Chrissy is a Certified International Health Coach, dog & cat mom and farm animal sanctuary volunteer.
Most people will say they like animals, there is nothing like the feeling of coming home after a long day of work to play with the dog or pet the cat.
Even those without a pet of their own can now indulge in activities like goat yoga, cow cuddling, and cat cafes. I recently saw an event advertised called Pints and Puppies, where patrons could sip on beer and play with adoptable dogs.
Not only does petting a furry creature feel good, but science is starting to discover that being near animals can have multiple benefits to human health.
Dog ownership can increase longevity.
A scientific review published in 2019 by the American Heart Association, determined that owning a dog resulted in a 24% reduction in the risk of premature death. People who own dogs tend to have lower blood pressure and are more resilient to stress which is beneficial to the cardiovascular system.
Plus people that had already suffered a heart attack prior to owning a dog, had an increased benefit of 31% risk reduction of having a future fatal coronary event with a pet in their home.
It seems obvious the link between cardiovascular health and pet ownership. Dog owners tend to be more active and participate in walking frequently. Physical movement is highly beneficial for heart health. But is there more to it than that?
What is the parasympathetic nervous system?
It is the system of nerves that relaxes our body after periods of stress or activity and is responsible for many bodily functions such as digestion, saliva production, and bladder control. One might say most importantly, it maintains our resting heart rate by dilating and relaxing our blood vessels.
The more time the parasympathetic nervous system is activated the healthier a person is. Consider this network of nerves the body's braking and coolant system, where the sympathetic system network of nerves is the gas and engine used to move, respond or react.
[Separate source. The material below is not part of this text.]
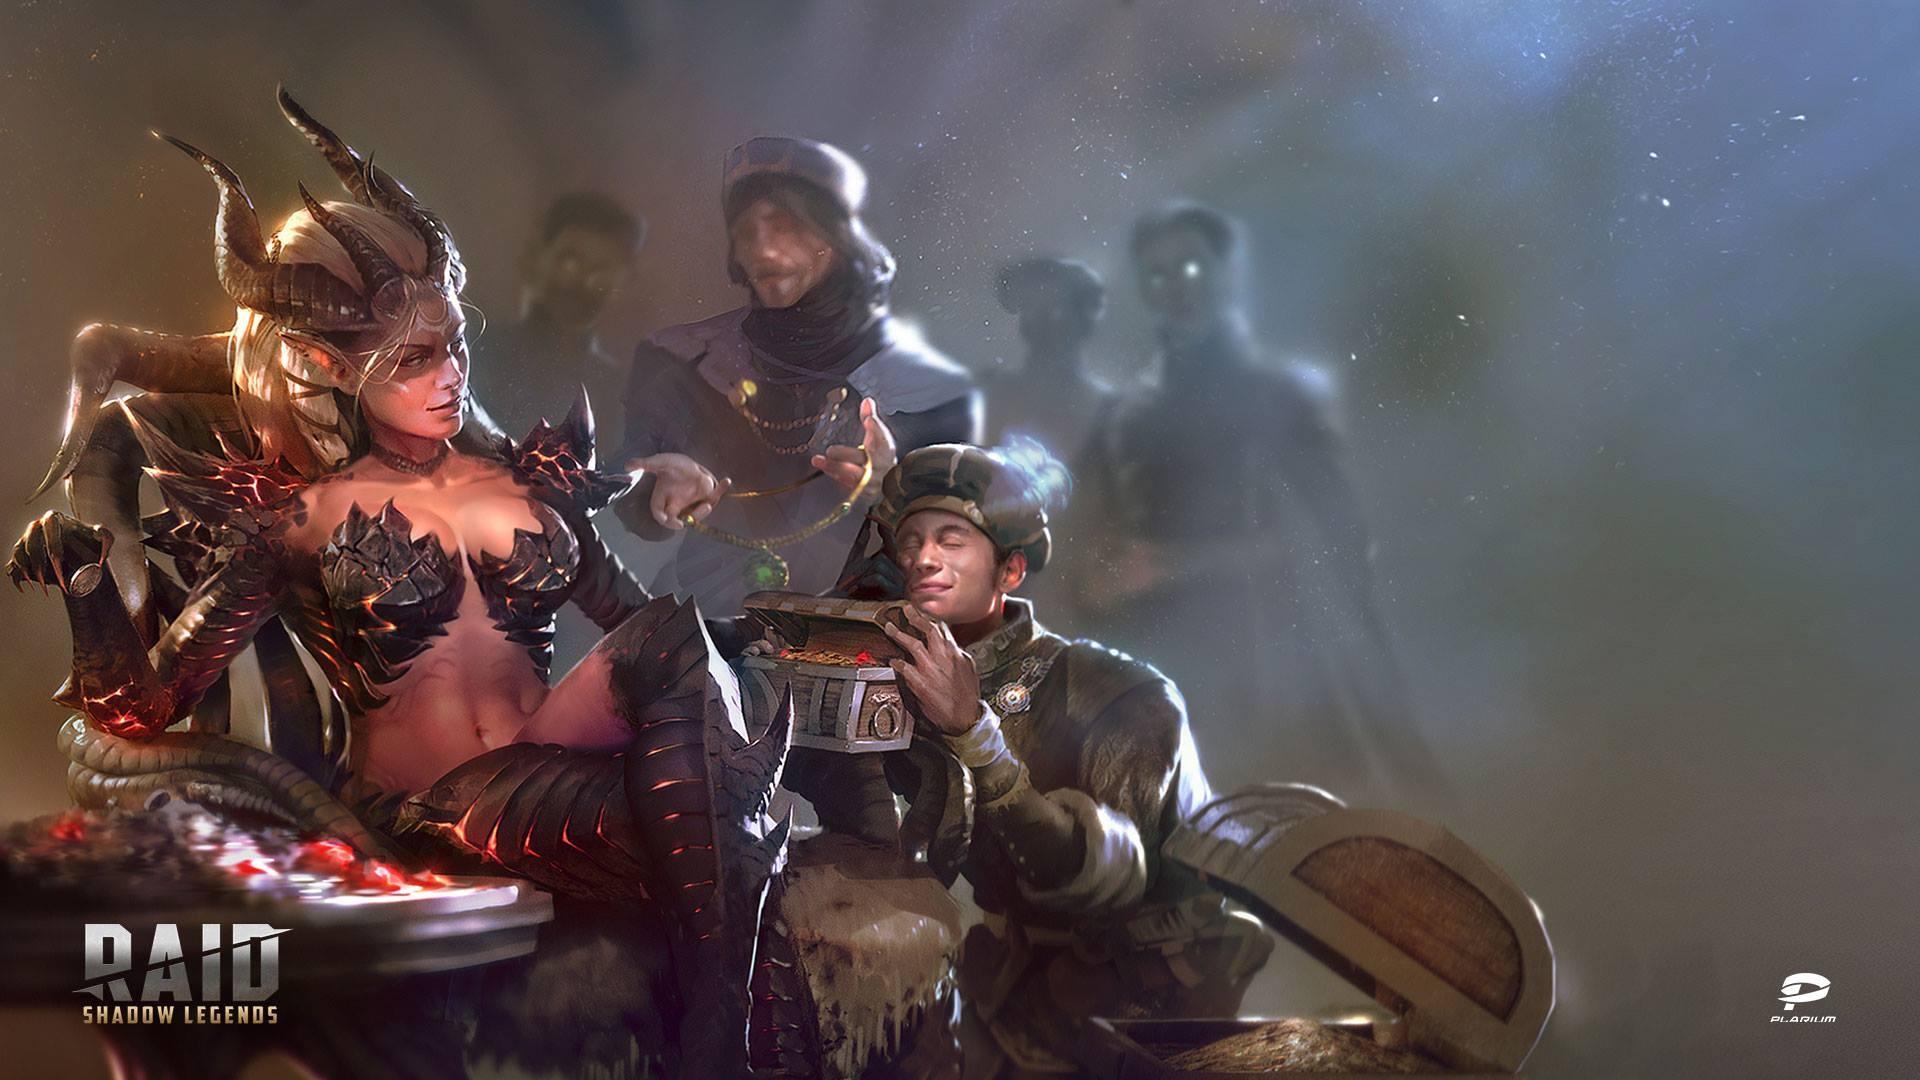 Raid Shadow Legends background wallpaper

Having a healthy balance of the nervous system will increase mood and decrease feelings of anxiety or depression.
We can stimulate our parasympathetic nervous system by invoking a sense of calm through our body. This can be achieved through relaxation techniques such as focused breathing, visualizations, or journaling. Pretty much any type of activity that places a person in a state of feeling safe and content.
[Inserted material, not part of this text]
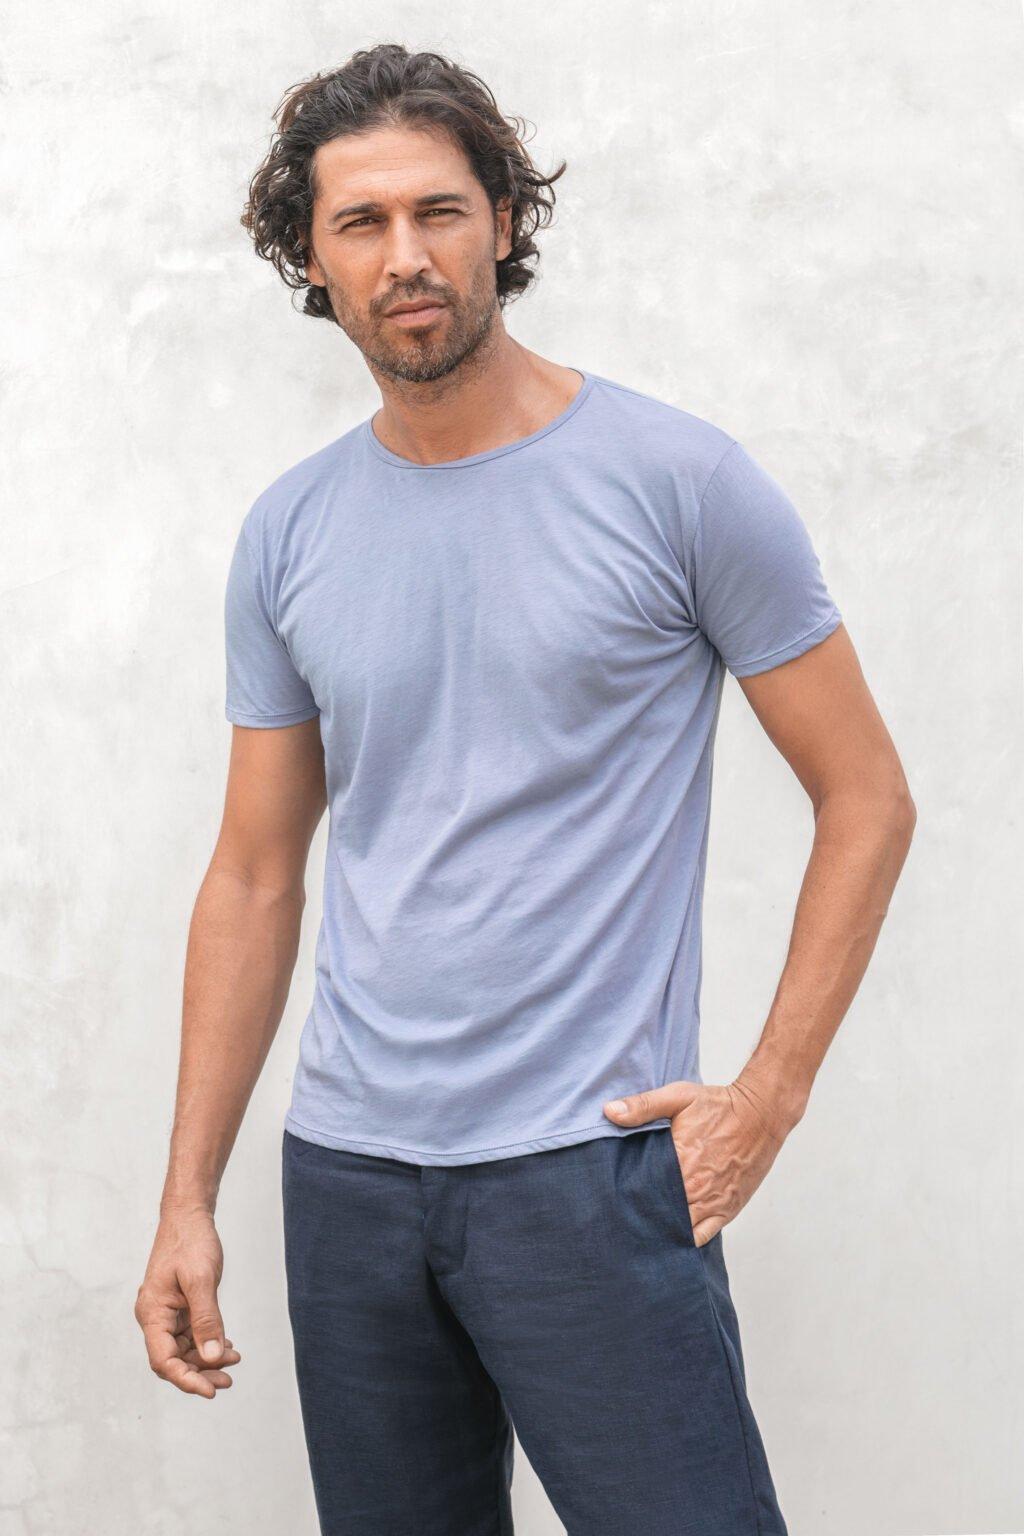 NUBE pima cotton crewneck teeshirt

How do animals affect our nervous system?
As long as it's not a lion trying to hunt us or a shark trying to eat us, animals tend to calm our nerves for a few reasons:
- The bond between a person and their pet can decrease loneliness.
- The pleasure derived from touching an animal lowers our heart rate.
- Being present with an animal is an act of mindfulness.
- The presence of an animal can increase feelings of security and safety.
Did you know cows are naturally warmer in temperature than humans and have slower breathing and heart rates? When we rest against them our bodies tend to relax into their warmth, our breathing starts to flow in sequence with the animal and we achieve almost a meditative state. This is why cow-hugging has become a wellness trend.
What other benefits are there?
The responsibility of caring for a pet can assist people in adapting to routines and structure, an excellent life skill.
The feeling of connection to another creature helps people feel more empathy. Empathy improves emotional intelligence as it causes a person to think about life from a different perspective. Emotional intelligence builds confidence and people with high levels of emotional intelligence tend to perform better in life and work.
There is a link to an article from the National Institutes of Health titled The Power of Pets below that shares additional observations such as children with Type 1 diabetes that have fish tend to manage their treatments more successfully.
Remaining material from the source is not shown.